In general, the timelines of the disease for each location are extremely similar, whether we were looking at the date of hospitalization or the date of death. The only major difference was found in the dates the disease first appeared in each location. Below is a figure comparing the date of death timelines for Karachi, Pakistan (165,605 total deaths) and Aden, Yemen (7,711 total deaths):
Figure MC2.2.4: Time histograms showing dates of death
from disease for Karachi, Pakistan, and Aden, Yemen.
Anomalies:
The most obvious anomaly was the fact that Turkey and Thailand were seemingly unaffected by the disease; however, we lacked sufficient data to form a hypothesis as to why this would be the case.

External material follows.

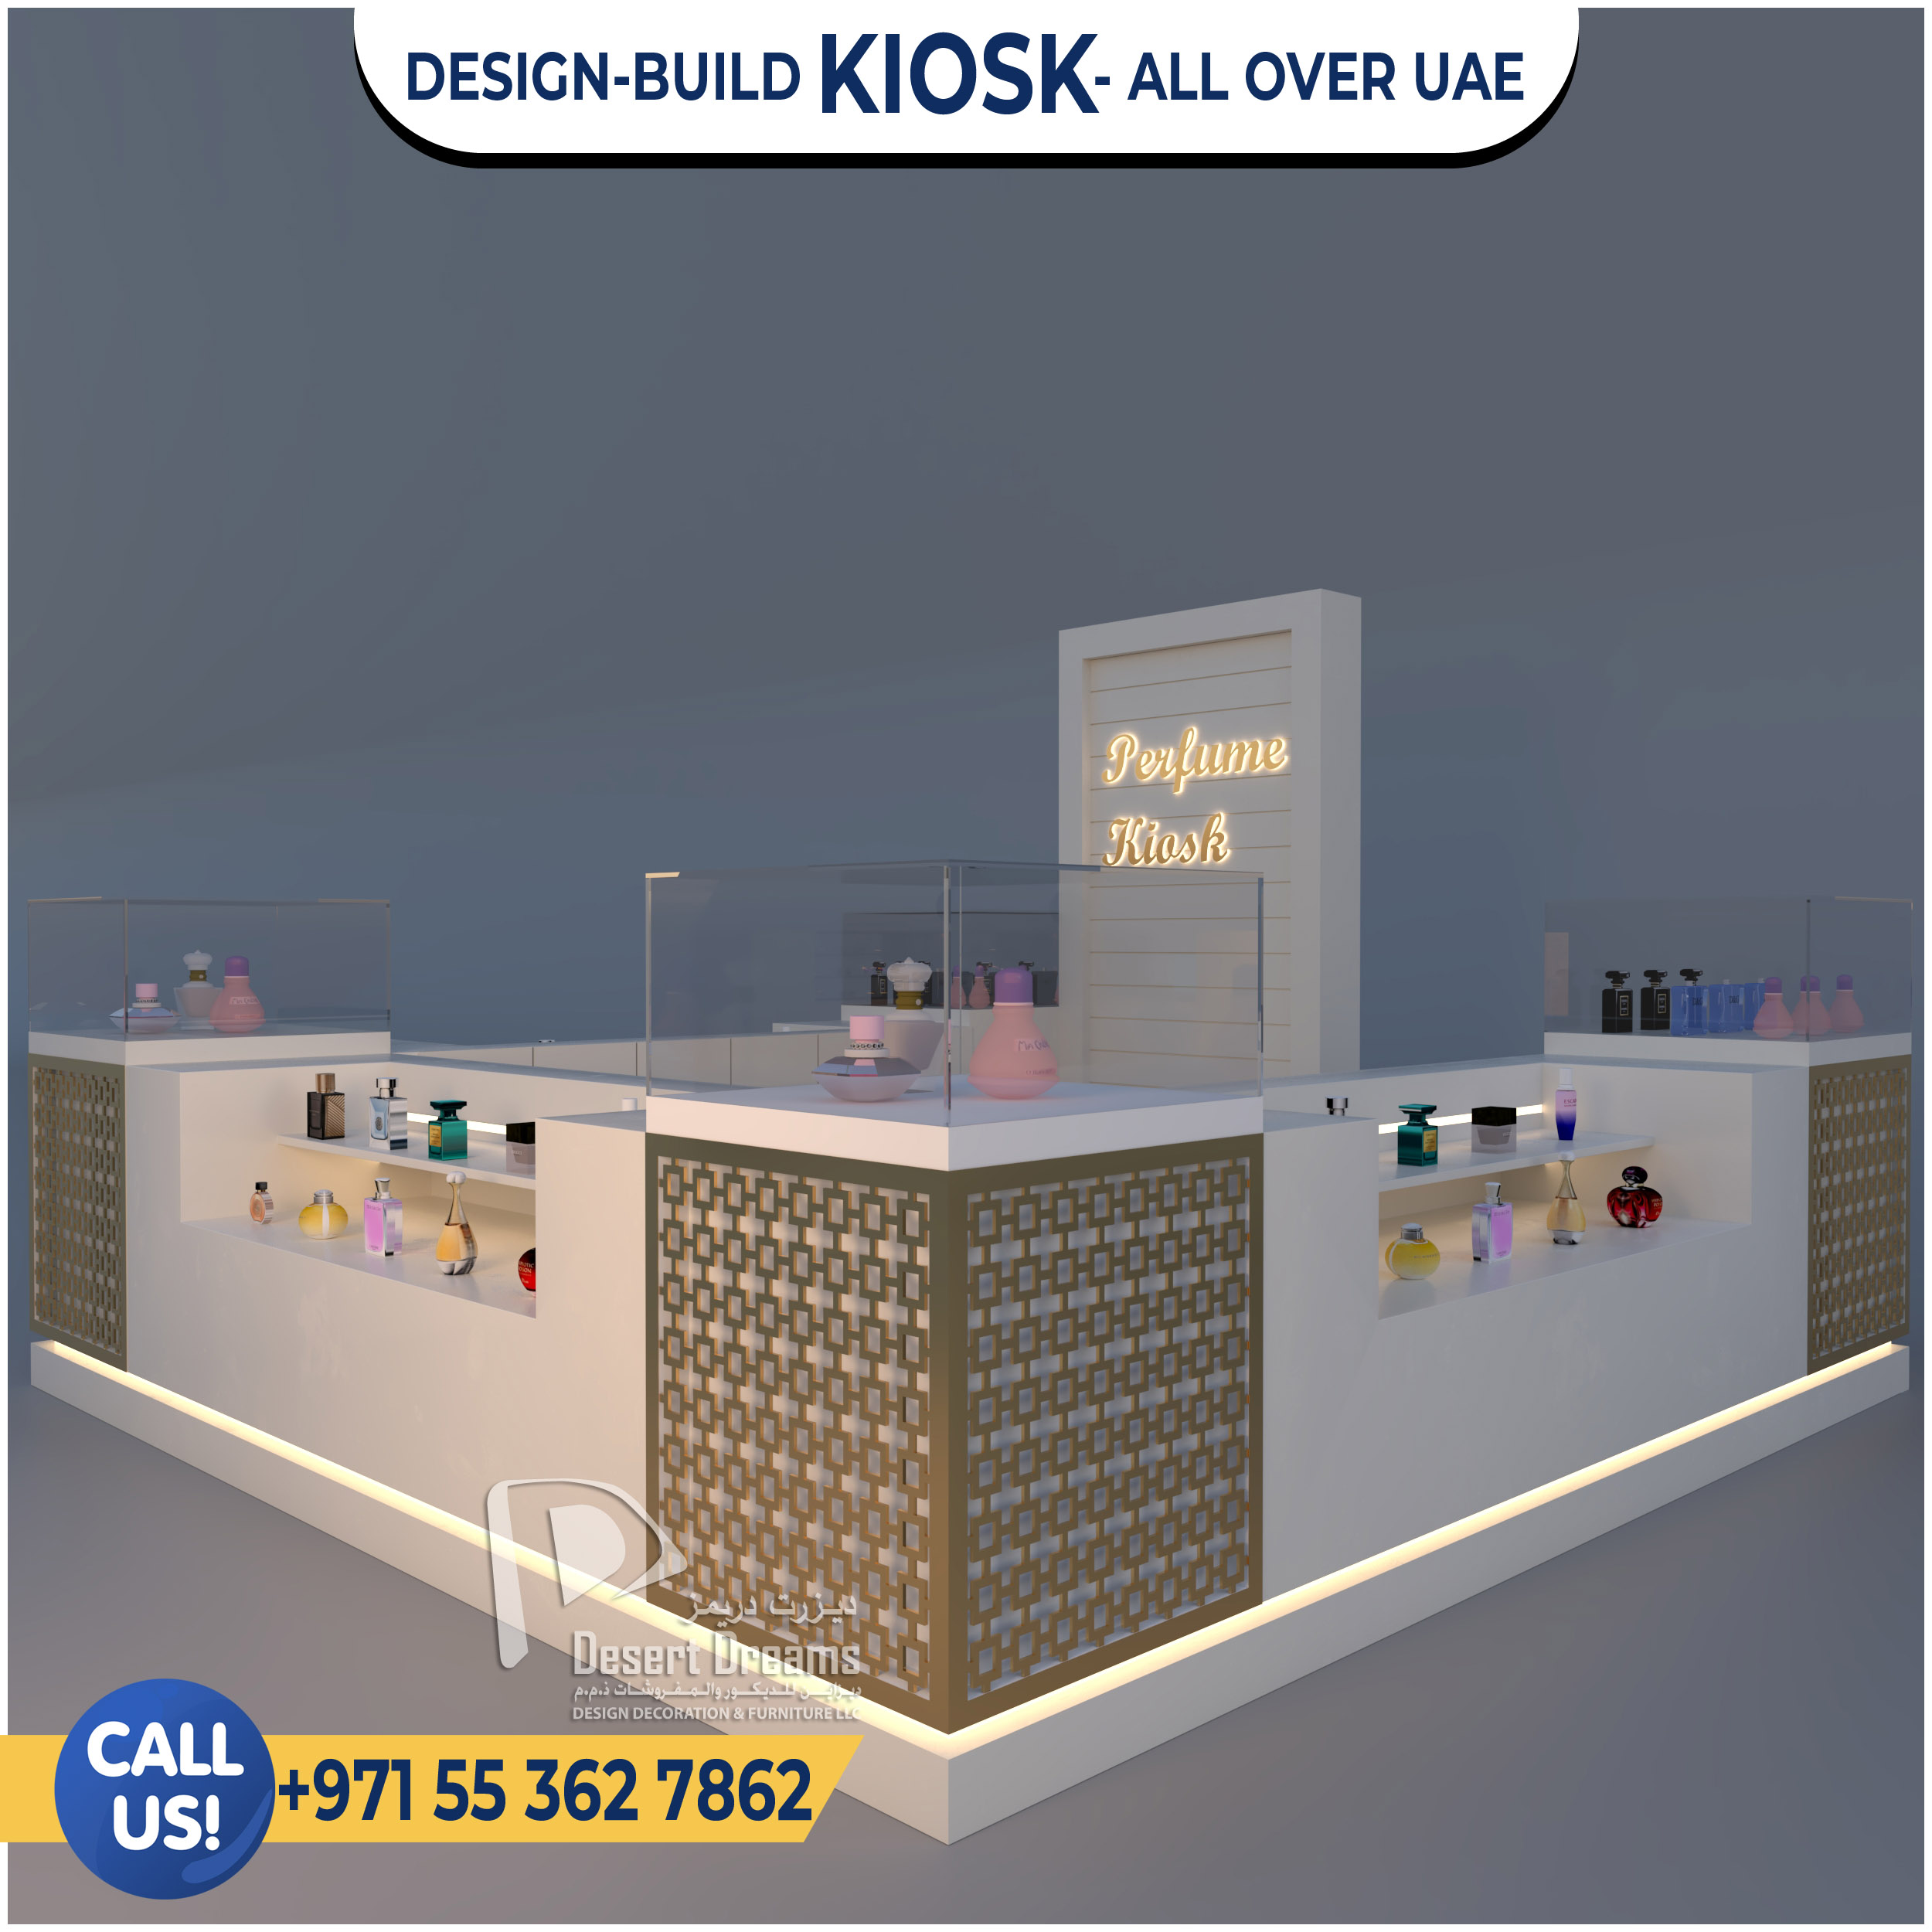 Perfumes Kiosk Suppliers in UAE.jpg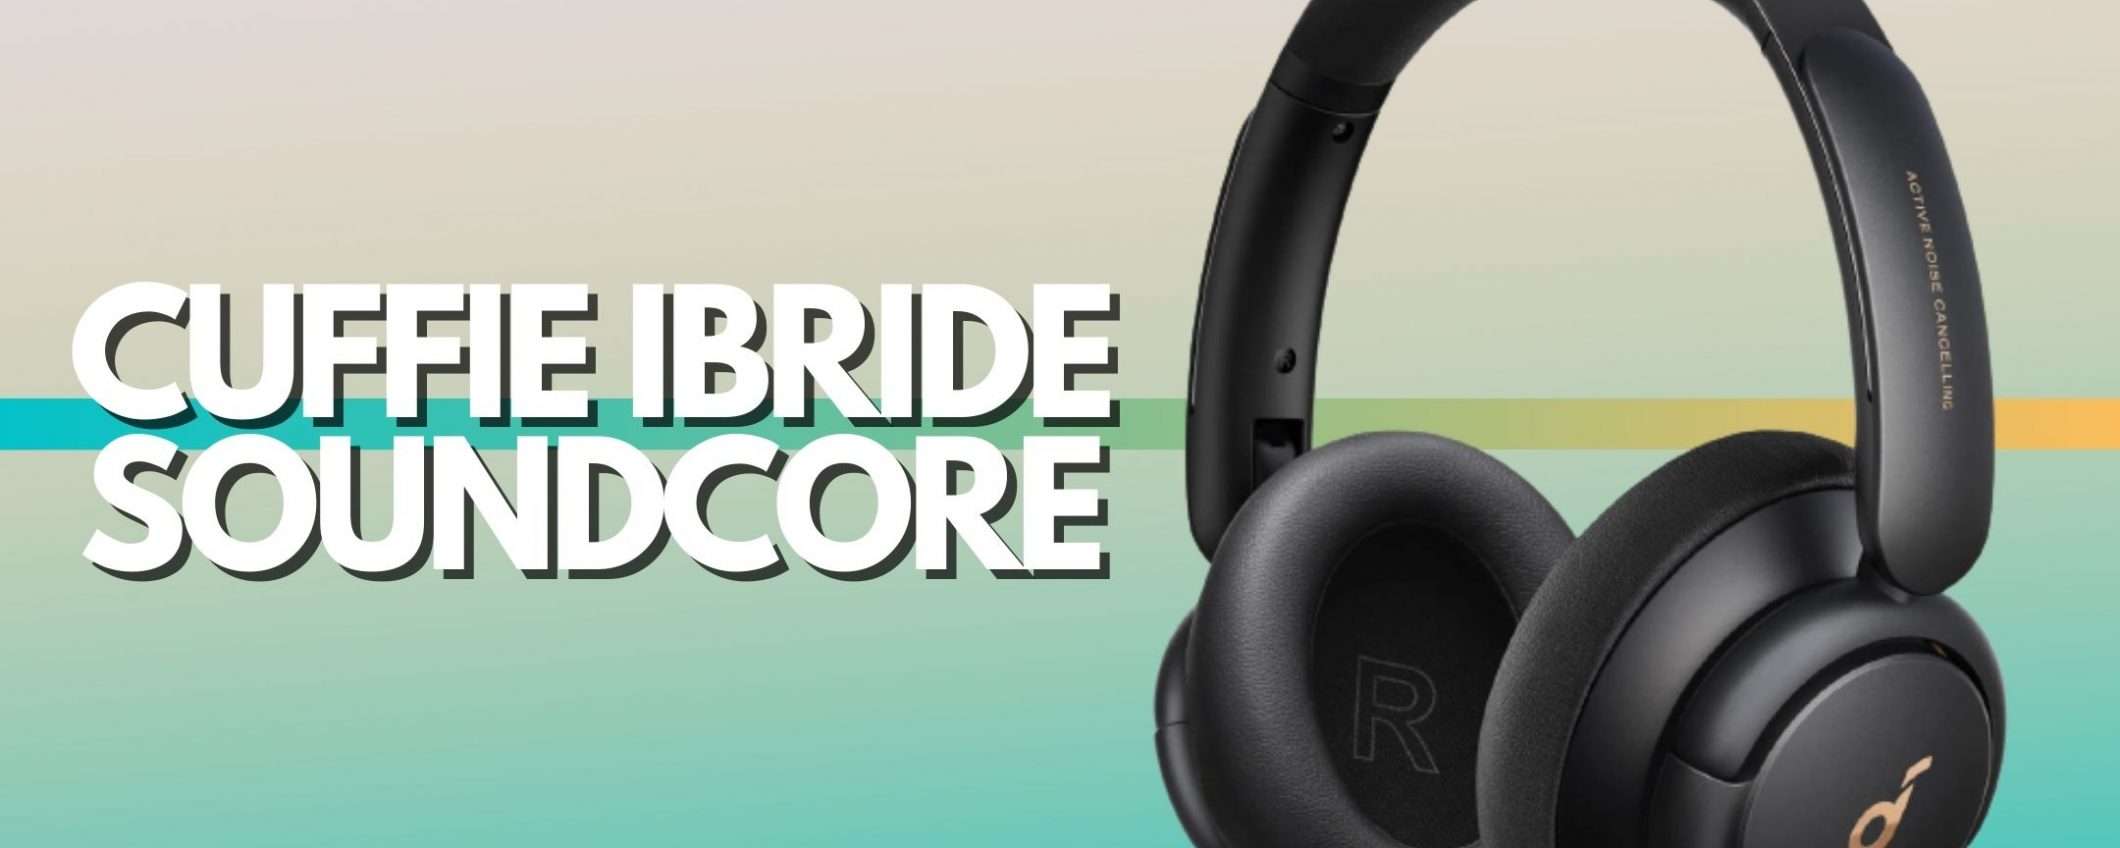 Cuffie ibride firmate Soundcore con coupon di 20€

Another notable anomaly concerned the ages of those hospitalized. Time histograms for hospitalizations resulting in death, hospitalizations resulting in death within 8 days, and all other deaths each formed an almost-perfect bell curve, with a peak age between 43 and 45. This is an anomaly, since the 0-40 range usually forms the bulk of most populations, but comprises relatively small percentage of hospital visits. This seems to indicate that people less than 43-45 years old are less susceptible to the disease, and the closer the patient’s age is to zero, the less susceptible he/she is:
Figure MC2.2.5:
Time histogram showing the age distribution of patients thought to have
died of the disease (8 days after being hospitalized).